Return every entry exactly.

--- Supplied material Enclosed Below ---

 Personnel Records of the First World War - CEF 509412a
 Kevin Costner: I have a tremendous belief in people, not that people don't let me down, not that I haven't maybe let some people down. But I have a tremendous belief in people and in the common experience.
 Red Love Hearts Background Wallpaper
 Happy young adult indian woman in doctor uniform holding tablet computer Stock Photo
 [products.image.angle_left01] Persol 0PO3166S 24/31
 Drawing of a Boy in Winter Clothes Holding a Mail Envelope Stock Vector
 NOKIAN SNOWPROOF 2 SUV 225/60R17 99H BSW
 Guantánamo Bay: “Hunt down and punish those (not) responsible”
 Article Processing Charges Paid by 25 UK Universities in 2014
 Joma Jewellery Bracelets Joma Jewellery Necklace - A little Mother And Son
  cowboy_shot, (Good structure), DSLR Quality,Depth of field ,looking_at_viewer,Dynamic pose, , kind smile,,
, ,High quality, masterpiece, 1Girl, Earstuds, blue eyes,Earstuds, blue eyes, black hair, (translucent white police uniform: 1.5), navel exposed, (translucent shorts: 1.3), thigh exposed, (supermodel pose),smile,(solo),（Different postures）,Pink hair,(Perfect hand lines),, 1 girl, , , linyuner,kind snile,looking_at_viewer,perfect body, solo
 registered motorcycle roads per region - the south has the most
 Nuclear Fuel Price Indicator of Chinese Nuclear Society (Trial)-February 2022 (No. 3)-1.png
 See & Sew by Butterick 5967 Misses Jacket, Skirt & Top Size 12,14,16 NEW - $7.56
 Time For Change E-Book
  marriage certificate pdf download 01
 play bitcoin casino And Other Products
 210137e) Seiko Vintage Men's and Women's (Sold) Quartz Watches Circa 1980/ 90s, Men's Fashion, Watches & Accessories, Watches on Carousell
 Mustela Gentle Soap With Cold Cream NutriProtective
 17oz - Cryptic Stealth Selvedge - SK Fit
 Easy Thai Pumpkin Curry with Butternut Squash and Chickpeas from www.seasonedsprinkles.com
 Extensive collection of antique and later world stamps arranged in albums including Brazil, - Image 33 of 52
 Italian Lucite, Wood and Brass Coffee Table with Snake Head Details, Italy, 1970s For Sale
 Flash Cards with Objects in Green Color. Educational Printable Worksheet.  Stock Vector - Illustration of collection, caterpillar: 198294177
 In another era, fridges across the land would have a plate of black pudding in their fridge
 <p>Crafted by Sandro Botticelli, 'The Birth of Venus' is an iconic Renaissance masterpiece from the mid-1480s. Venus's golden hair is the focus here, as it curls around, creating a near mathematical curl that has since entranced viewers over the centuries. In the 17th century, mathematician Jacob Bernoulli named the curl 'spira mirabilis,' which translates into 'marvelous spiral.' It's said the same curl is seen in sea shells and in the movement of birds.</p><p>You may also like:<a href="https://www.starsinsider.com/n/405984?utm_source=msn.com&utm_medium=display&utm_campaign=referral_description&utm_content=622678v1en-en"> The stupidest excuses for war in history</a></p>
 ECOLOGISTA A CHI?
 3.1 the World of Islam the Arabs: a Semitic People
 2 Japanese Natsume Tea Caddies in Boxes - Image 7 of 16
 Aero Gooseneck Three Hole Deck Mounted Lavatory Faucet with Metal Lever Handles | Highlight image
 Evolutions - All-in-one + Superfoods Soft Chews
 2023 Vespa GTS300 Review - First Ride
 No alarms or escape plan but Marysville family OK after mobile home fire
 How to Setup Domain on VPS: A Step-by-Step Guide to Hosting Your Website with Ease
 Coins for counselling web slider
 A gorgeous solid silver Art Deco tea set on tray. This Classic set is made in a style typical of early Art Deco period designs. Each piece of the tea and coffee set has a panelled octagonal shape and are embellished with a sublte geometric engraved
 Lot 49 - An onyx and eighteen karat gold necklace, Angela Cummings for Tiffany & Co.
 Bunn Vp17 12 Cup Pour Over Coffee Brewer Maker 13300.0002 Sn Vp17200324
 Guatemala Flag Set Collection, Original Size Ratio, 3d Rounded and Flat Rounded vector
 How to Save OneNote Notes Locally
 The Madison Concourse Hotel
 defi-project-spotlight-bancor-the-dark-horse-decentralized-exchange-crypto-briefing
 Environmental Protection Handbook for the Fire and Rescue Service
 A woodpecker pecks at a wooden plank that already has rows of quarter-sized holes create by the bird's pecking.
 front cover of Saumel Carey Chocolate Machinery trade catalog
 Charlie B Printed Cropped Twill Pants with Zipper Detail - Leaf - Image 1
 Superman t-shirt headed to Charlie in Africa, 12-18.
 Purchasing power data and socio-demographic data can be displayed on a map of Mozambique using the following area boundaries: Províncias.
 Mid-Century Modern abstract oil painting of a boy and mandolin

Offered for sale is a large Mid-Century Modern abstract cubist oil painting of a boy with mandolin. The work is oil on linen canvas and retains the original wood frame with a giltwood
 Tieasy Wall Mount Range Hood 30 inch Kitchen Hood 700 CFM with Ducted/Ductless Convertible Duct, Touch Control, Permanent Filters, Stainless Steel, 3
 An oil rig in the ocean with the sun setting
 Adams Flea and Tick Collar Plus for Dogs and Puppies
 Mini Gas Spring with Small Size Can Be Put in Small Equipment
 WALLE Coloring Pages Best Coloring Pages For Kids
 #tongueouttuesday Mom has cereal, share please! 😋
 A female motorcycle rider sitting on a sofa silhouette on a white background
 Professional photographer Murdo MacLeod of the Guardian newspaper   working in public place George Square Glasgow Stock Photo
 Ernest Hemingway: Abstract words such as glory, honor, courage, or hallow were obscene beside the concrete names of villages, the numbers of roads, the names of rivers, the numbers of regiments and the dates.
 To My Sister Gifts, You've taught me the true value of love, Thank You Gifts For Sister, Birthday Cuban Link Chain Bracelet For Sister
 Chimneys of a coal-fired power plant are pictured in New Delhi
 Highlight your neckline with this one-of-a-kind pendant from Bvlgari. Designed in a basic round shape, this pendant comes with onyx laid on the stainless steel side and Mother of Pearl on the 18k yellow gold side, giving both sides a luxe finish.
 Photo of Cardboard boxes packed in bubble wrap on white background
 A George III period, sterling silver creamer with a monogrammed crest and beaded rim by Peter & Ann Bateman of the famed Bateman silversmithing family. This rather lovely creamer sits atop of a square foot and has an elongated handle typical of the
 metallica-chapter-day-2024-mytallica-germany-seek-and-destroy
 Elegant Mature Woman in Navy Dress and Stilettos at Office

--- End of Enclosed Supplied material ---

» Problem solution:
 Personnel Records of the First World War - CEF 509412a
 Kevin Costner: I have a tremendous belief in people, not that people don't let me down, not that I haven't maybe let some people down. But I have a tremendous belief in people and in the common experience.
 Red Love Hearts Background Wallpaper
 Happy young adult indian woman in doctor uniform holding tablet computer Stock Photo
 [products.image.angle_left01] Persol 0PO3166S 24/31
 Drawing of a Boy in Winter Clothes Holding a Mail Envelope Stock Vector
 NOKIAN SNOWPROOF 2 SUV 225/60R17 99H BSW
 Guantánamo Bay: “Hunt down and punish those (not) responsible”
 Article Processing Charges Paid by 25 UK Universities in 2014
 Joma Jewellery Bracelets Joma Jewellery Necklace - A little Mother And Son
  cowboy_shot, (Good structure), DSLR Quality,Depth of field ,looking_at_viewer,Dynamic pose, , kind smile,,
, ,High quality, masterpiece, 1Girl, Earstuds, blue eyes,Earstuds, blue eyes, black hair, (translucent white police uniform: 1.5), navel exposed, (translucent shorts: 1.3), thigh exposed, (supermodel pose),smile,(solo),（Different postures）,Pink hair,(Perfect hand lines),, 1 girl, , , linyuner,kind snile,looking_at_viewer,perfect body, solo
 registered motorcycle roads per region - the south has the most
 Nuclear Fuel Price Indicator of Chinese Nuclear Society (Trial)-February 2022 (No. 3)-1.png
 See & Sew by Butterick 5967 Misses Jacket, Skirt & Top Size 12,14,16 NEW - $7.56
 Time For Change E-Book
  marriage certificate pdf download 01
 play bitcoin casino And Other Products
 210137e) Seiko Vintage Men's and Women's (Sold) Quartz Watches Circa 1980/ 90s, Men's Fashion, Watches & Accessories, Watches on Carousell
 Mustela Gentle Soap With Cold Cream NutriProtective
 17oz - Cryptic Stealth Selvedge - SK Fit
 Easy Thai Pumpkin Curry with Butternut Squash and Chickpeas from www.seasonedsprinkles.com
 Extensive collection of antique and later world stamps arranged in albums including Brazil, - Image 33 of 52
 Italian Lucite, Wood and Brass Coffee Table with Snake Head Details, Italy, 1970s For Sale
 Flash Cards with Objects in Green Color. Educational Printable Worksheet.  Stock Vector - Illustration of collection, caterpillar: 198294177
 In another era, fridges across the land would have a plate of black pudding in their fridge
 <p>Crafted by Sandro Botticelli, 'The Birth of Venus' is an iconic Renaissance masterpiece from the mid-1480s. Venus's golden hair is the focus here, as it curls around, creating a near mathematical curl that has since entranced viewers over the centuries. In the 17th century, mathematician Jacob Bernoulli named the curl 'spira mirabilis,' which translates into 'marvelous spiral.' It's said the same curl is seen in sea shells and in the movement of birds.</p><p>You may also like:<a href="https://www.starsinsider.com/n/405984?utm_source=msn.com&utm_medium=display&utm_campaign=referral_description&utm_content=622678v1en-en"> The stupidest excuses for war in history</a></p>
 ECOLOGISTA A CHI?
 3.1 the World of Islam the Arabs: a Semitic People
 2 Japanese Natsume Tea Caddies in Boxes - Image 7 of 16
 Aero Gooseneck Three Hole Deck Mounted Lavatory Faucet with Metal Lever Handles | Highlight image
 Evolutions - All-in-one + Superfoods Soft Chews
 2023 Vespa GTS300 Review - First Ride
 No alarms or escape plan but Marysville family OK after mobile home fire
 How to Setup Domain on VPS: A Step-by-Step Guide to Hosting Your Website with Ease
 Coins for counselling web slider
 A gorgeous solid silver Art Deco tea set on tray. This Classic set is made in a style typical of early Art Deco period designs. Each piece of the tea and coffee set has a panelled octagonal shape and are embellished with a sublte geometric engraved
 Lot 49 - An onyx and eighteen karat gold necklace, Angela Cummings for Tiffany & Co.
 Bunn Vp17 12 Cup Pour Over Coffee Brewer Maker 13300.0002 Sn Vp17200324
 Guatemala Flag Set Collection, Original Size Ratio, 3d Rounded and Flat Rounded vector
 How to Save OneNote Notes Locally
 The Madison Concourse Hotel
 defi-project-spotlight-bancor-the-dark-horse-decentralized-exchange-crypto-briefing
 Environmental Protection Handbook for the Fire and Rescue Service
 A woodpecker pecks at a wooden plank that already has rows of quarter-sized holes create by the bird's pecking.
 front cover of Saumel Carey Chocolate Machinery trade catalog
 Charlie B Printed Cropped Twill Pants with Zipper Detail - Leaf - Image 1
 Superman t-shirt headed to Charlie in Africa, 12-18.
 Purchasing power data and socio-demographic data can be displayed on a map of Mozambique using the following area boundaries: Províncias.
 Mid-Century Modern abstract oil painting of a boy and mandolin

Offered for sale is a large Mid-Century Modern abstract cubist oil painting of a boy with mandolin. The work is oil on linen canvas and retains the original wood frame with a giltwood
 Tieasy Wall Mount Range Hood 30 inch Kitchen Hood 700 CFM with Ducted/Ductless Convertible Duct, Touch Control, Permanent Filters, Stainless Steel, 3
 An oil rig in the ocean with the sun setting
 Adams Flea and Tick Collar Plus for Dogs and Puppies
 Mini Gas Spring with Small Size Can Be Put in Small Equipment
 WALLE Coloring Pages Best Coloring Pages For Kids
 #tongueouttuesday Mom has cereal, share please! 😋
 A female motorcycle rider sitting on a sofa silhouette on a white background
 Professional photographer Murdo MacLeod of the Guardian newspaper   working in public place George Square Glasgow Stock Photo
 Ernest Hemingway: Abstract words such as glory, honor, courage, or hallow were obscene beside the concrete names of villages, the numbers of roads, the names of rivers, the numbers of regiments and the dates.
 To My Sister Gifts, You've taught me the true value of love, Thank You Gifts For Sister, Birthday Cuban Link Chain Bracelet For Sister
 Chimneys of a coal-fired power plant are pictured in New Delhi
 Highlight your neckline with this one-of-a-kind pendant from Bvlgari. Designed in a basic round shape, this pendant comes with onyx laid on the stainless steel side and Mother of Pearl on the 18k yellow gold side, giving both sides a luxe finish.
 Photo of Cardboard boxes packed in bubble wrap on white background
 A George III period, sterling silver creamer with a monogrammed crest and beaded rim by Peter & Ann Bateman of the famed Bateman silversmithing family. This rather lovely creamer sits atop of a square foot and has an elongated handle typical of the
 metallica-chapter-day-2024-mytallica-germany-seek-and-destroy
 Elegant Mature Woman in Navy Dress and Stilettos at Office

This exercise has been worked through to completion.